Compare these leaves with those of the water-lily. In the lily you find no divided leaves, but they all rise to the surface and float there, spreading their expanded blades on the water. Notice what very long leaf-stalks they have, sometimes eight or ten feet in length. Think how absurd the plant would look on dry land, with its short stem and its huge leaf-stalks, though they are so well suited for floating in the deep water. In the air the long, soft stalks would flop about on the ground, as they need some support, but this they get in the water, which buoys them up and saves them from expending too much material in the formation of strengthening tissue.
Even those plants which, like the water marestail, can stand up by themselves some way out of the water, yet have softer stems than most land-plants, and far fewer well-developed “water-pipe” cells, because they are so surrounded by water that they can get it easily.

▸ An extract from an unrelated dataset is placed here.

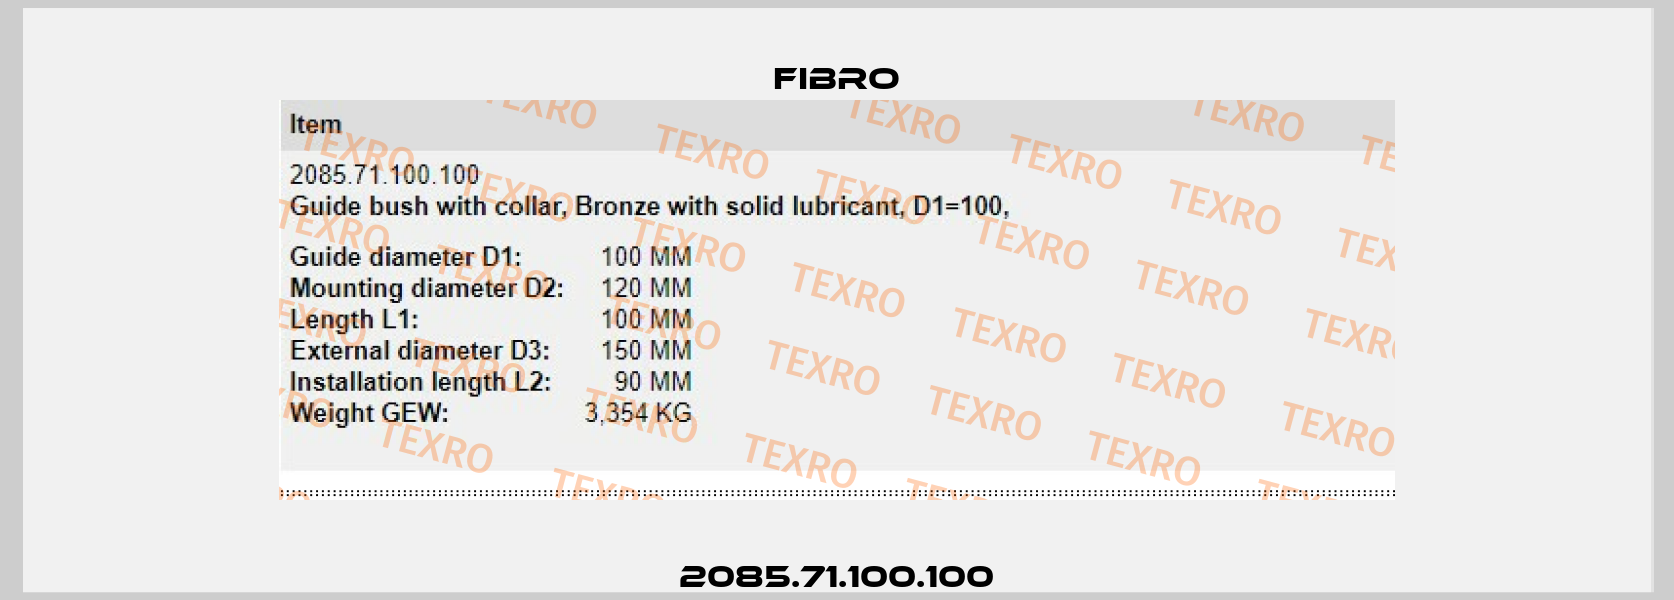 2085.71.100.100 Fibro

Both these plants and the water-lilies, as well as many others, store air rather than water in their stems, and often the spaces in the meshes of the stem-tissue are filled with air, which acts both as an air reservoir and a buoy to float the leaves. We find all through the plant-world that the structure of a plant depends very much on the kind of conditions under which it is living, and in the case of those growing in the water, it is quite clear how the soft, air-filled stems are one result of their mode of life, and are well adapted to it.
Fig. 142. Duckweed, with simple leaves, and long roots hanging in the water.
In the ponds you will often find that the duckweed grows in large masses on the surface. Each plant seems to consist of but one leaf and a slender root about an inch long, hanging freely in the water. Sometimes two or more of the leaves are attached and form a little cluster, but it is exceedingly rare to find the duckweed in flower. Simple as it is, almost suggesting the algæ rather than the flowering plants by its general appearance, yet the duckweed is really a flowering plant. It is, in fact, one of the very tiniest of flowering plants which are known.
Floating with the duckweed are frequently many fine, thread-like algæ, sometimes quite free, and sometimes attached to stems or rocks. They are very delicate, unprotected plants, their whole body consisting of simple rows of cells. Notice how their feathery tufts cling together in a close mass when they are taken out of the water; they require its support and protection to enable them to live.
Fig. 143. Creeping rhizome of the Bulrush, which pushes out towards the middle of the pond.